Investors continued to hammer Apple after it made clear yesterday that it will continue to try to keep profit margins high on its iPhones, and not release a budget-priced model that might help it expand into developing markets. Shares dropped 5.4% to $467.83 today following downgrades from firms including Bank of America, UBS and Credit Suisse. On top of yesterday’s price drop, it translates into a $34.8B decline in the company’s market value since Monday. While investors love the iPhone’s high profit margin, estimated at about 40%, they also wanted the company to go after new buyers overseas, especially in China and India, who might be enticed by a device that costs about $400 (not including a carrier subsidy).

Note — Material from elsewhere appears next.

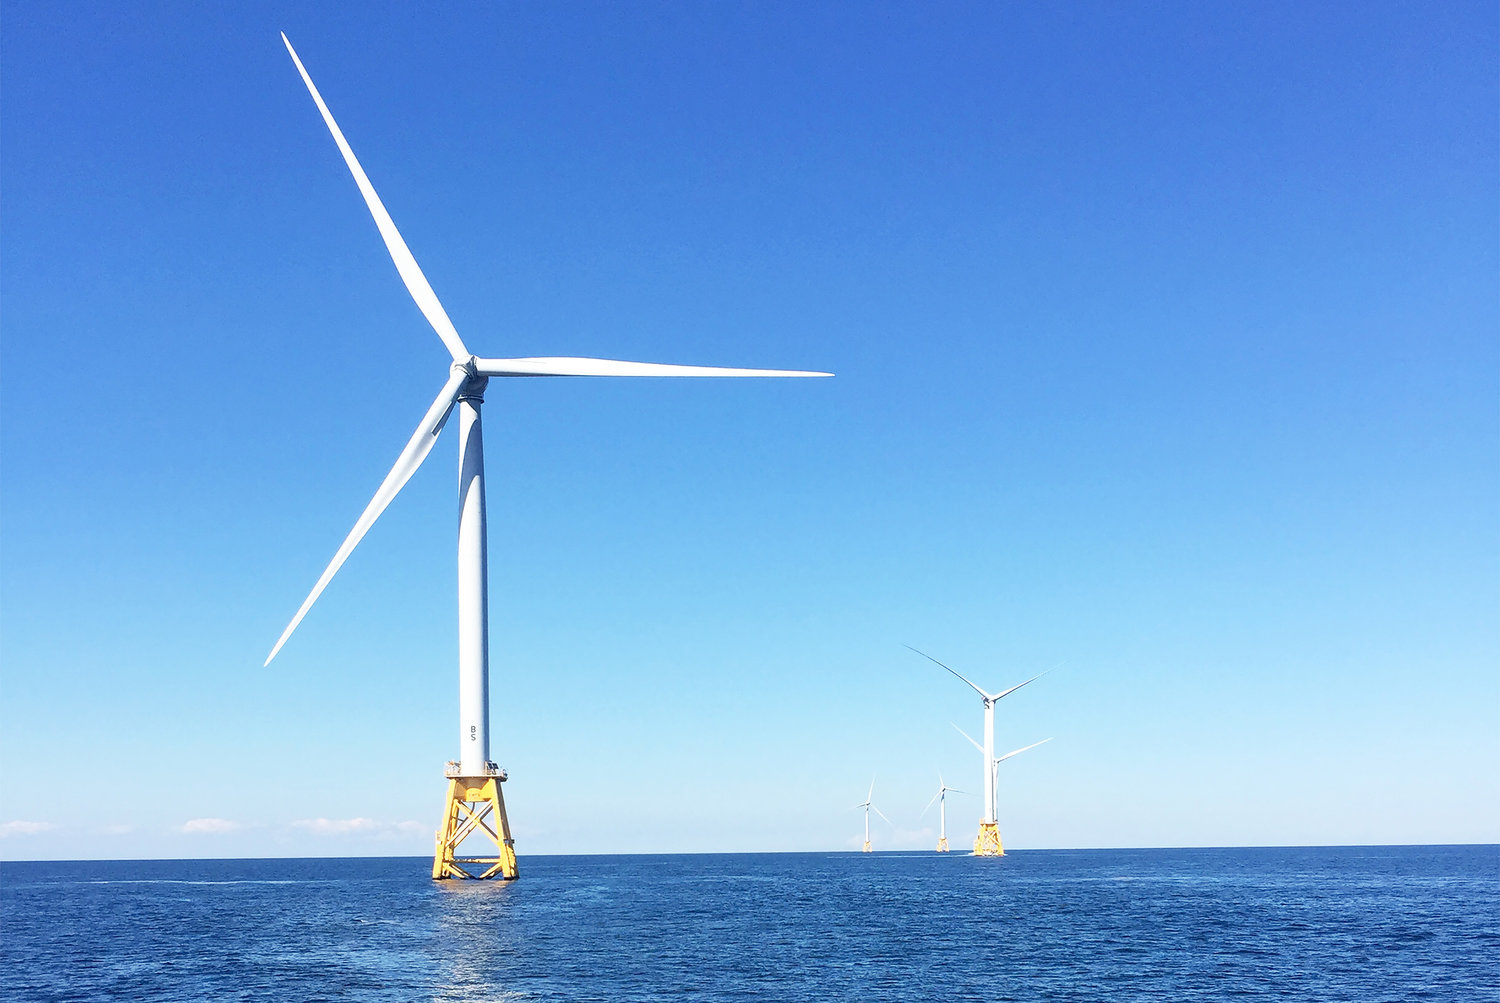 Block Island Ferry offers narrated tours of the BI Wind Farm

Instead, the 5C came with a $549 price tag in the U.S., and about $733 in China. A budget phone was “nowhere to be found” as Apple maintained its focus on “profit share over unit share,” with the 5C expected to generate margins of about 50%, says Cowen and Company’s Timothy Arcuri. Hopes for a big deal with China Mobile at an event today also came to naught: China certified the new iPhones to run on the company’s network, but so far there’s no deal. At an event today the companies played a video of yesterday’s iPhone unveiling in California. But Apple still has fans, including billionaire Carl Icahn who disclosed last month that he has a large position in the company and is lobbying for it to up its share repurchase plans“Apple’s just a no-brainer,” he told CNBC. “It’s extremely cheap…At these levels we’re buying quite a bit.”